To find a solution to the problem common to many companies of predicting the volume of purchases for a given product, one of the approaches that can be pursued is based on the analysis of the time series of historical volumes. Often, it is possible to find a sure periodicity (to various levels) of the question in the time, as an example in the function of the days of the week, the months of the year, the presence or less than festivity, the variability of the price, etc. To be able to consider more variables in a neural net, and, at the same time to try to exploit the possible correlations among them keeping in mind their temporal sequence, it is possible to use a Recurrent Neural Network.
Recurrent Neural Network Architecture
The Feed-Forward neural networks, such as Multi-Layer Perceptron and Convolutional Neural Network, operate on vectors with fixed size. Different applications, in which the order of the input variables affects the determination of the next value, can require that the input and/or the output can be sequences (also of variable length). RNN-type neural networks also involve “backwards” or same-level connections. The most commonly used models, for example, Long Short-Term Memory, foresee connections towards the same level. At each step of a given sequence, identifiable with a temporal instant t), the level in question receives in addition to the input relative to the instant t=x(t) also the output of the previous step, y(t-1). This allows the neural network to base its output at the instant t, y(t), also on the “history”, i.e. on all the elements of a given temporal sequence and on their mutual position, exploiting a “memory effect”. To train a Recurrent Neural Network, it is necessary to use Back Propagation Through Time. The typical architecture of an RNN is shown in Fig. 1.
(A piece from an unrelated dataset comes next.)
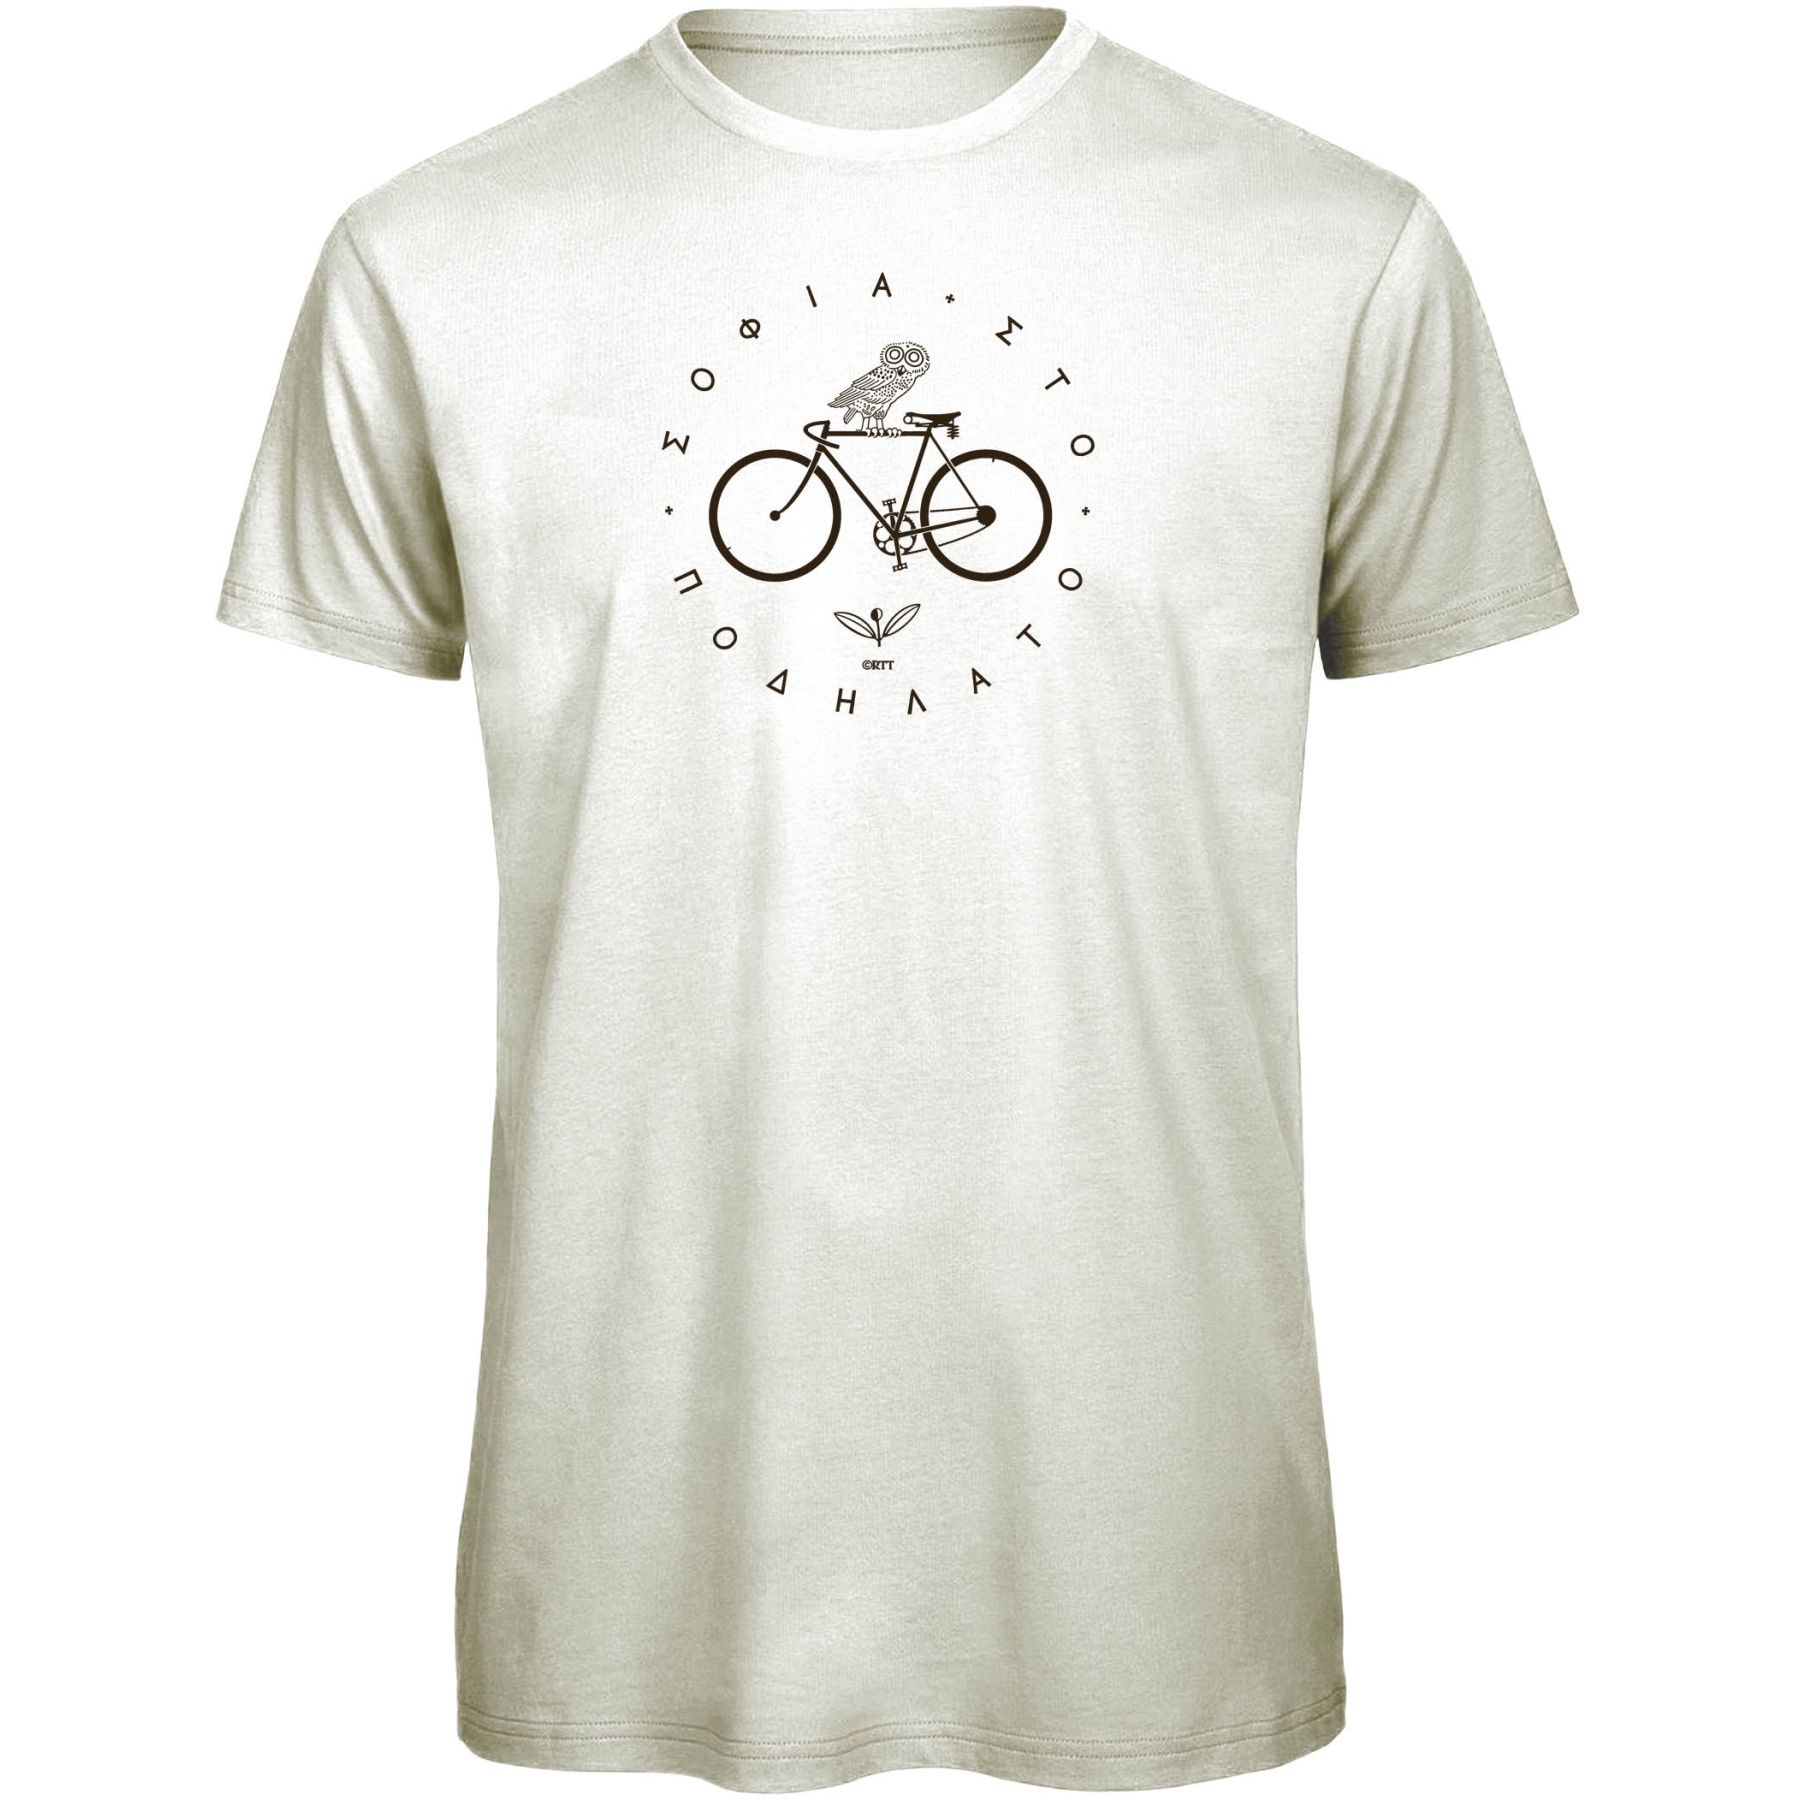 Foto de RTTshirts Camiseta Bicicleta - Minerva - blanco

The drawing on the left uses the cycle representation while the one on the right explodes the cycle into a single line in time. For details on the hidden representations, one can refer to countless texts in the literature https://atcold.github.io/pytorch-Deep-Learning/it/week06/06-3/. A common Long Short-Term Memory unit consists of a cell, an input port (input gate), an output port (output gate), and a “don’t forget gate” memory cell. The cell remembers values over arbitrary time intervals and the three gates regulate the flow of information into and out of the cell. The input transformation functions for each cell are shown in Fig. 2, and multiple cells can be concatenated sequentially. http://colah.github.io/posts/2015-08-Understanding-LSTMs/
In one of the last projects completed for a Premoneo’s client in the Logistics market, an LSTM was used to determine the demand for a given product, given as input the following series: sales volume history, date, day of the week (Monday=1, …. Sunday=7), the month of the year (from 1 to 12), the daily unit price of the product. The architecture of the tested network chains 200 LSTM cells to one output neuron. The periodicity chosen for each input feature is 7 days and the training has been carried out on the history including the whole of 2020. The mean absolute percentage error (MAPE) was used as a loss function with the Adam method (adaptive momentum estimation) as an optimizer. The training was performed with 400 epochs and batch size 10. The prediction was obtained over 30 days and as a figure of merit, the agreement between prediction and actual over 30 days was observed. The result is shown in Fig. 3., where “Forecast” represents the volume trend as a function of date in the number of days (translated to 0 for the first day) predicted by the LSTM and “Actual” represents the same variable taken from the history of the actuals for the same period.
The sample from which the actual values shown in Fig.3 were taken was not considered in the training but represents an independent test sample. Although there are other methods of analysis, such as ARIMA or GLM, the Recursive Neural Networks allow to exploit not only the historical time series of prices but also the correlations existing between other variables. Moreover, thanks to the many existing open-source libraries (such as Keras, used in this test), implementing different models in a versatile way with minimal changes to the source codes, testing multiple architectures, is practical and fast. For datasets that exceed a certain dimensionality, the use of neural networks certainly provides an advantage in terms of computational speed and prediction accuracy than analytical models.